Je commencerai par répondre à Mme Alaux qui m'a interrogée sur le décret encadrant l'augmentation des loyers, en cours de signature. Nous sommes bien conscients que certaines parties de la Côte basque – le littoral davantage que l'arrière-pays – pourraient être concernées, mais le recueil des données n'est pas assez détaillé pour que nous puissions limiter les périmètres, et ce défaut fragiliserait l'application du décret dans le cadre de la loi de 1989. Toutefois, ce décret d'urgence n'est qu'une première étape, qui sera suivie, au printemps, par la refonte de la loi de 1989 elle-même. Il s'agira notamment de mettre en place un dispositif d'encadrement des loyers fondé sur les travaux d'observatoires régionaux, sur le modèle des agences départementales pour l'information sur le logement (ADIL) ou de l'Observatoire des loyers de l'agglomération parisienne (OLAP).

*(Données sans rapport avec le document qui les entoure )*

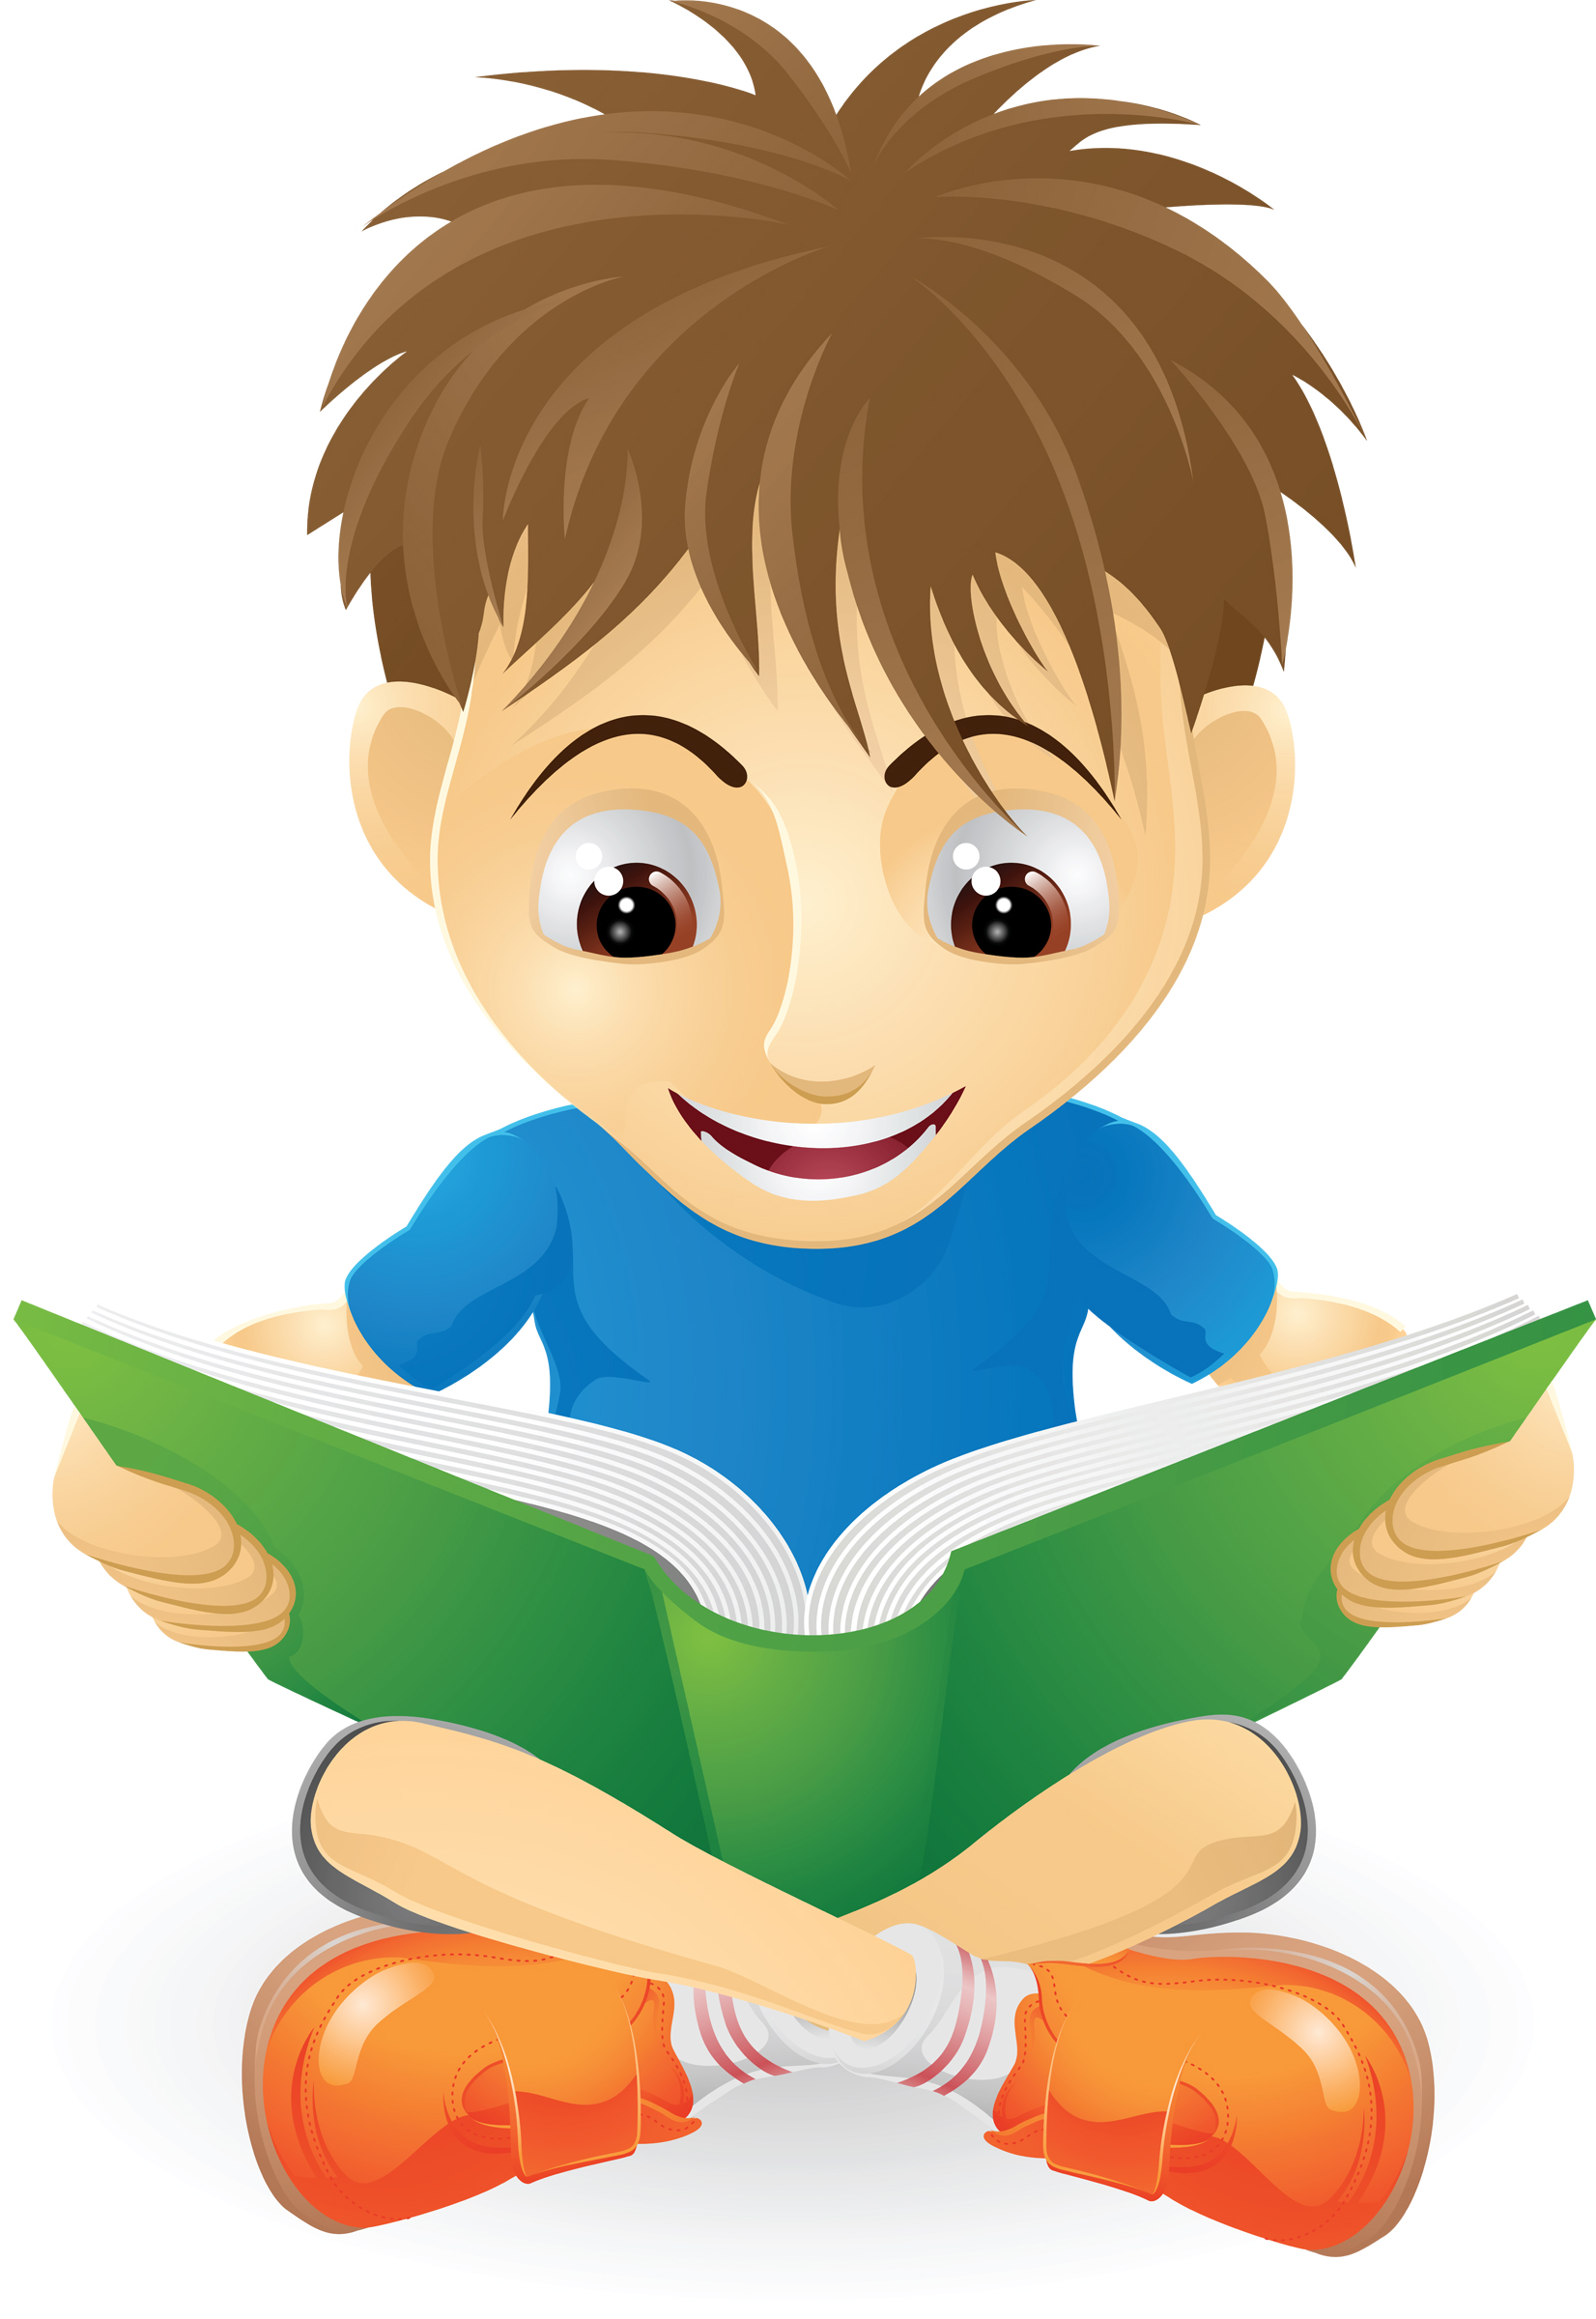 Images For > Kids Reading And Thinking Clipart

Il sera ainsi possible de recueillir des données d'identification quartier par quartier, type de biens par type de biens.

Mme Quéré m'a interrogée sur la possibilité de prendre en compte les énergies renouvelables dans l'étiquette-énergie. Les réflexions en cours, fondées sur un bilan du diagnostic thermique, pourraient déboucher sur son évolution. L'objectif du Gouvernement est de favoriser la diminution des émissions de gaz à effet de serre et celle de la consommation d'énergie. Il ne s'agit pas seulement de vérifier quelles sont les sources d'énergie d'un bâtiment donné, mais de dresser son bilan énergétique pour offrir aux locataires une meilleure information.

Je propose de recevoir M. Albarello et M. Bachelay, afin que nous puissions avoir un entretien plus approfondi sur le Grand Paris. Bien avant d'être nommée ministre, j'avais déclaré – ce que d'autres, dont certains des partisans les plus déterminés du projet, répétaient alors tout bas – que personne n'imaginait voir trente tunneliers sillonner simultanément l'Île-de-France. La question du séquençage ou du phasage, qui n'avait pas été posée au moment de l'annonce et de la signature du projet, était donc un « secret de polichinelle » ; elle était implicite, mais pas assumée. Aujourd'hui, mon rôle est de mener à bien un projet très important pour des populations qui ont besoin de désenclavement. La question du séquençage n'est donc pas un choix de ce Gouvernement, mais elle s'impose à tout le monde et a d'ailleurs été approuvée à l'unanimité du conseil de surveillance de la Société du Grand Paris, avec le lancement des enquêtes publiques.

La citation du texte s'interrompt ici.